WHAT THIS TASK INVOLVES -
Reproduce the data below exactly. Skip the pictures.

═════ THE DATA ═════

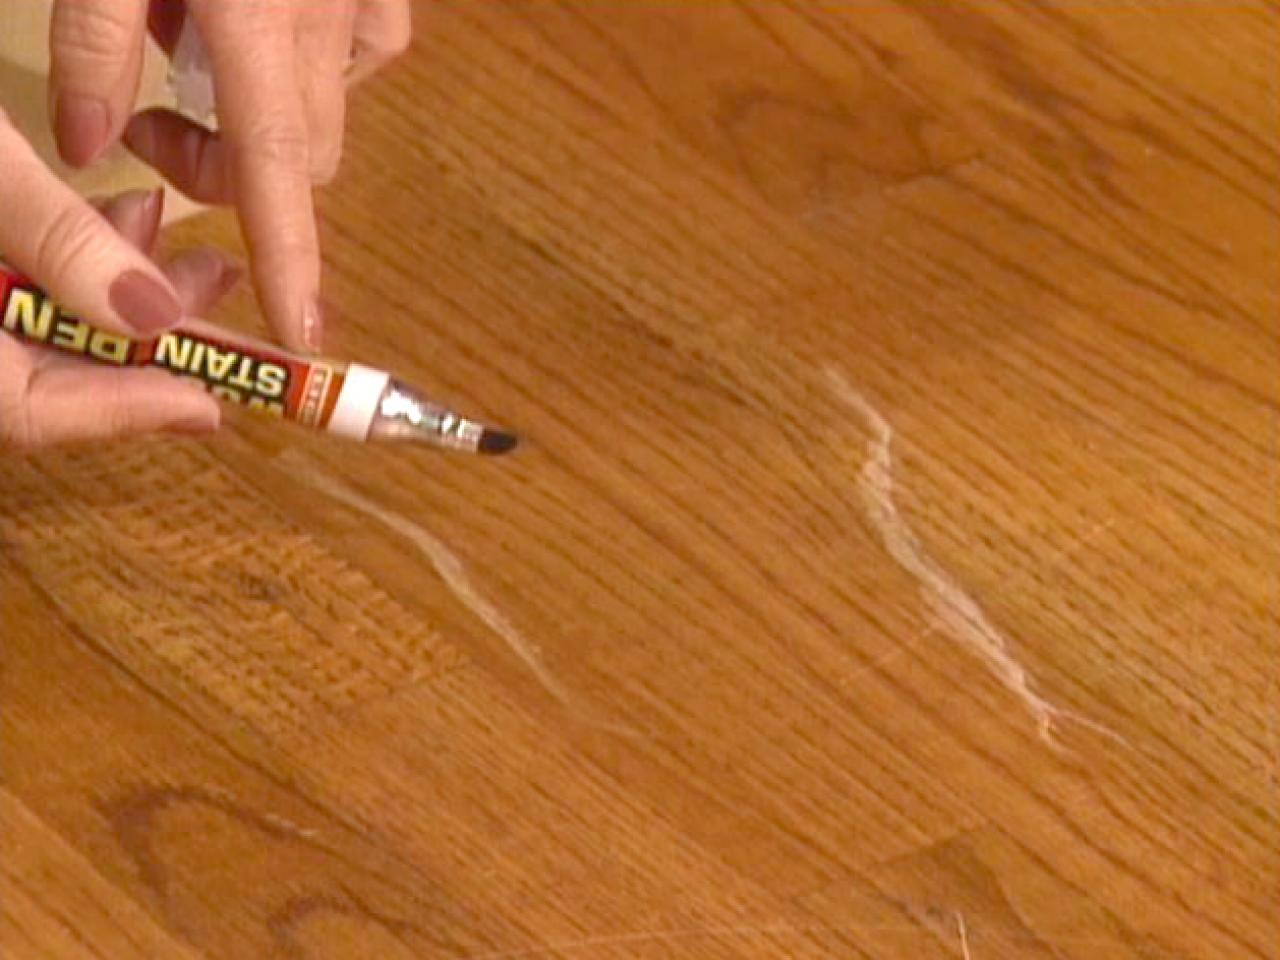 How To Touch Up Wood Floors Tos Diy, White Scuff Marks On Hardwood Floors
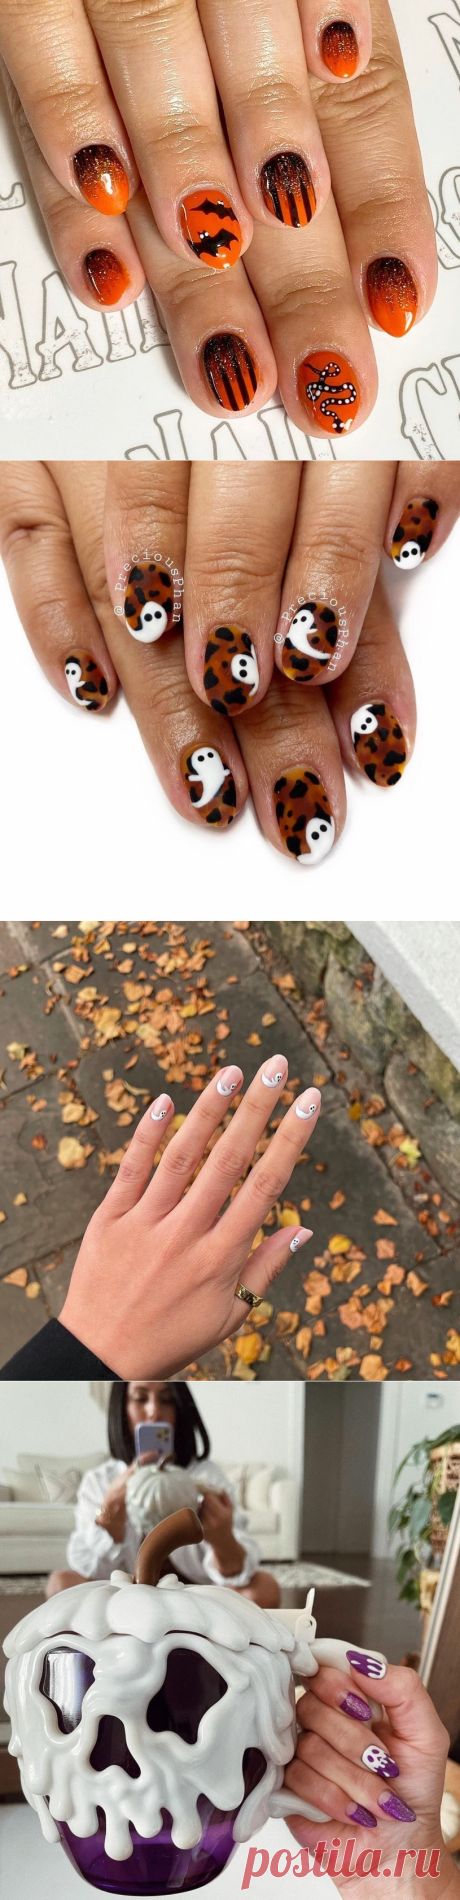 Popular Halloween Nail Design Ideas You’ll Obsess And Should Try This Year | Fashion Blog &amp; Magazine
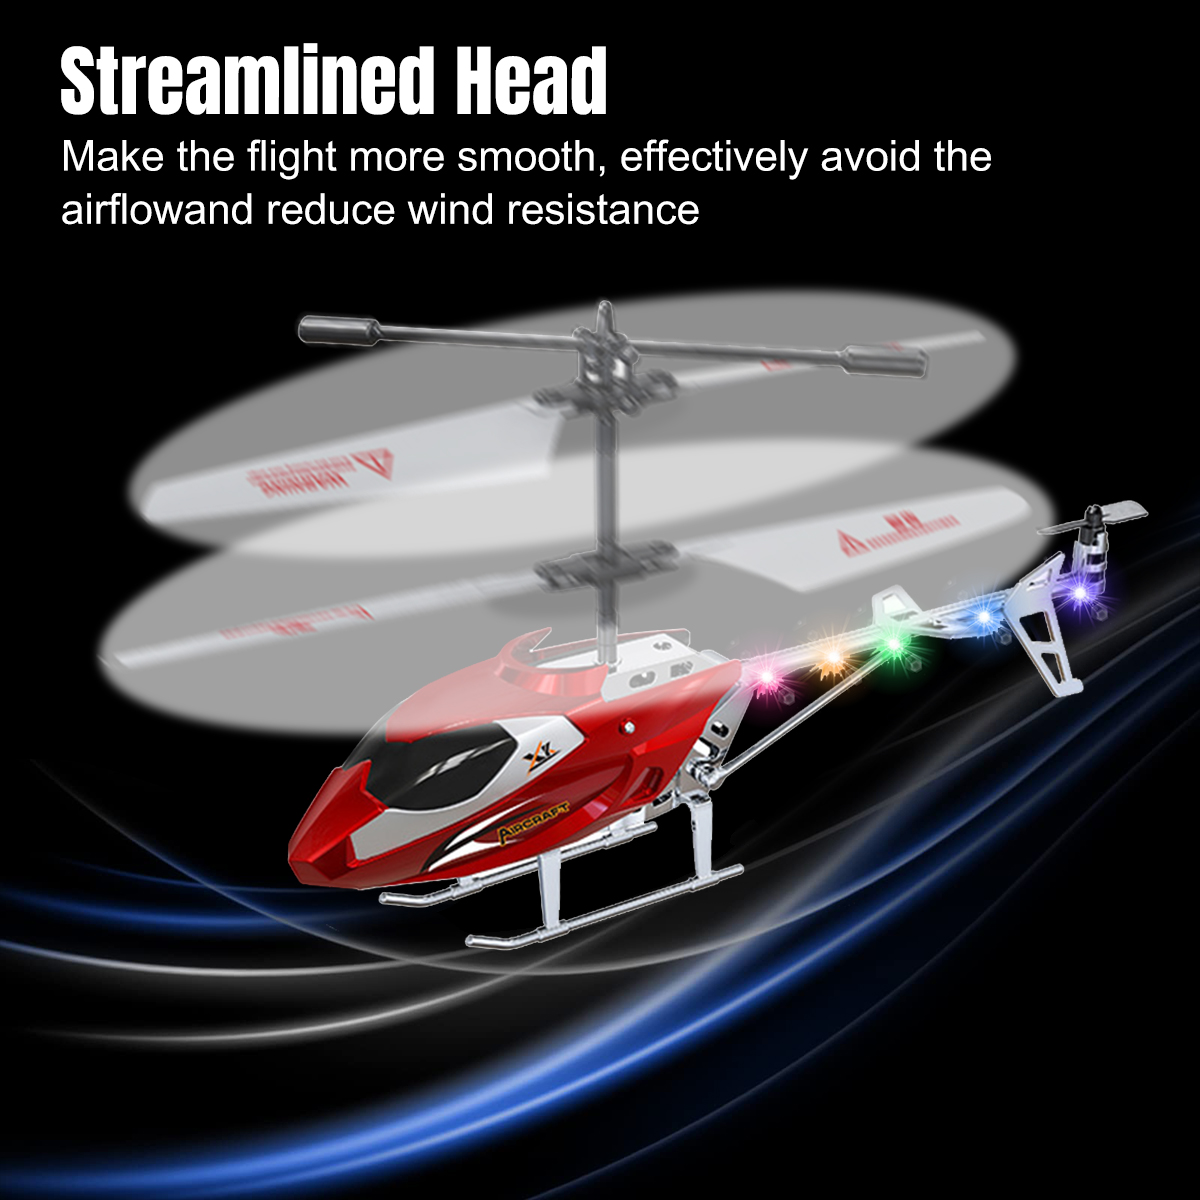 PayUSD Remote Control Helicopter Mini Gyroscope RC Helicopters LED Light for Indoor to Fly for Kids and Beginners, Red - image 5 of 8

═════

SOLVED EXERCISE -
 How To Touch Up Wood Floors Tos Diy, White Scuff Marks On Hardwood Floors
 Popular Halloween Nail Design Ideas You’ll Obsess And Should Try This Year | Fashion Blog &amp; Magazine
 PayUSD Remote Control Helicopter Mini Gyroscope RC Helicopters LED Light for Indoor to Fly for Kids and Beginners, Red - image 5 of 8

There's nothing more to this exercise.